A Librarian Asks, "What Is the QFT and How Does It Fit the Library?"

What Is the QFT and How Does It Fit the Library?

The Question Formulation Technique (QFT) is a procedure for deepening student learning through question generation, analysis, and reflection. The teacher chooses a prompt—called a QFocus—that directs students' thinking toward a learning goal. Students brainstorm questions about the prompt without self-judging or commenting on them.

After brainstorming, students systematically categorize questions into:

C—Close-ended (convergent) questions, which call for a yes, no, or short answer

O—Open-ended (divergent) questions, which require explanations and thought

C/O—Ambiguous questions

Welcoming Curiosity

Educators often prefer higher-order questions because they push thinking beyond knowledge toward understanding. The success of problem-based learning, reading comprehension, literature discussions, backwards design, and inquiry-based curricula depends on divergent questioning ("Classroom Lesson"; McTighe and Wiggins; "Question-Answer Relationship"; "Socratic Seminar"). Since QFT maintains the value of both types of questions, students are given practice in changing from one to the other. In weighing the advantages and disadvantages of each type, students are learning to think about their thinking.

The Question Formulation Technique can support student curiosity at every stage of learning. Dan Rothstein and Luz Santana, codirectors of the Right Question Institute and coauthors of Make Just One Change: Teach Students to Ask Their Own Questions, have found that when students generate and discuss their own questions they are more engaged, self-reflective, and exhibit greater confidence as learners.

Clarity of Goals

According to QFT's directions, the prompt should align with an instructional goal, such as increasing student engagement, accelerating knowledge acquisition, or formatively or summatively assessing students (Rothstein et al.).

Instructional objectives like these are key to effective learning. Obviously, whether educators are using QFT or not, they should aim for an engaging environment in which students are curious, acquire knowledge, and believe in their competence as learners.
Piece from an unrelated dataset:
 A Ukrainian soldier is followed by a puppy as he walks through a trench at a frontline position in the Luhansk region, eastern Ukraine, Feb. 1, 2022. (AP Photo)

The Art of Prompting Questions

Unlike QFT, protocols such as the Library of Congress' Primary Source Analysis Tool ("Teacher's Guides") and the National Archives' worksheets ("Document Analysis") allow either the teacher or the student to select the prompt. They begin with adult-generated questions to activate close observation and inference (e.g., What do you see? What does it mean?), and then shift to engage student-generated curiosity (What do you wonder?).

The prompt for these protocols may be an image, text, audio or video clip, data, or even an artifact or physical object. The designers of QFT assert that selecting a prompt with "too many small details or references to other points" isn't clear and is likely to distract students (Rothstein and Santana 30). Given their emphasis on characterizing QFT as quick to learn and simple to use, perhaps they're concerned that a complex prompt will be seen as taking too long to introduce. While another teacher's QFocus list might stimulate your ideas, expect to fine-tune the prompt to fit your actual needs.
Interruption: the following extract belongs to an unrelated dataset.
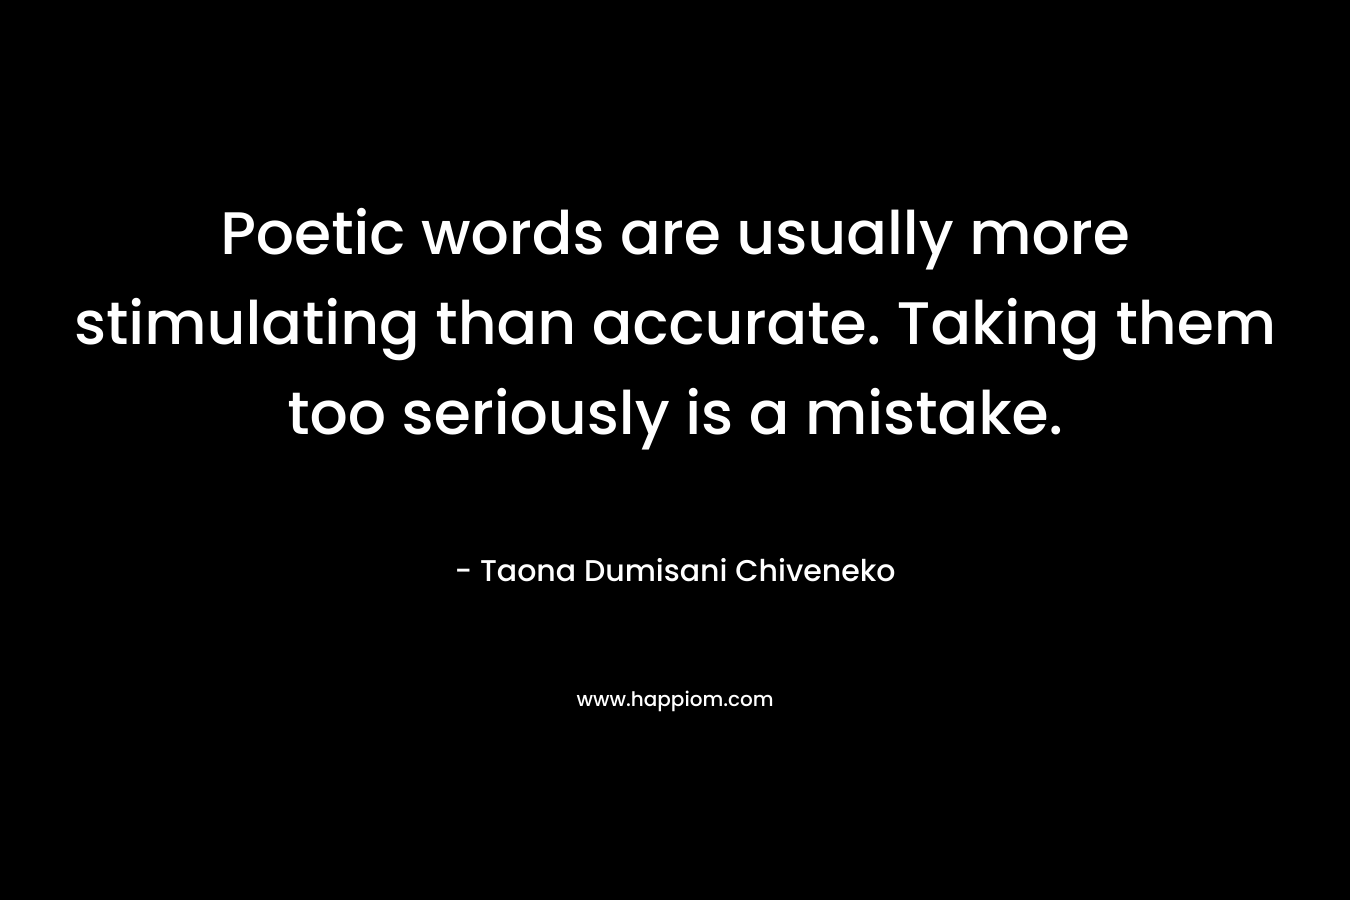 Poetic words are usually more stimulating than accurate. Taking them too seriously is a mistake.

"See, Think, Wonder," another routine that asks for observation and response to an image or object, also underscores the critical importance of selecting the correct sort of prompt, but endorses a more unhurried approach "generally …the image/object has some ambiguity to it, is not already known to students, offers many different layers of explanation, and possesses a degree of detail that is likely to emerge only after extended looking" (Richhart et al. 56). QFT's creators are less convinced that a visual can speak in its own language: "When using pictures, diagrams or equations…think about how to frame them clearly…[you need] a statement framing what you are presenting. Otherwise, the students will not know what they are expected to focus on and will not generate questions" (Rothstein and Santana 40).

Of course, a prompt that steers students toward a particular point of view, feels inauthentic, or activates implicit biases would thwart QFT's purpose. To test a QFocus, imagine questions that students might raise or ask a colleague to role-play brainstorming. In the final analysis, a prompt is best evaluated during actual teaching because it provides concrete, actionable feedback for your future instruction.

As part of the initial planning, one identifies where this routine fits into the learning sequence. QFT's "Lesson Planning Workbook" identifies opportunities where the protocol might be used such as a pre-reading activity, to stimulate curiosity about a topic, issue, or theme, or to guide a research paper or project.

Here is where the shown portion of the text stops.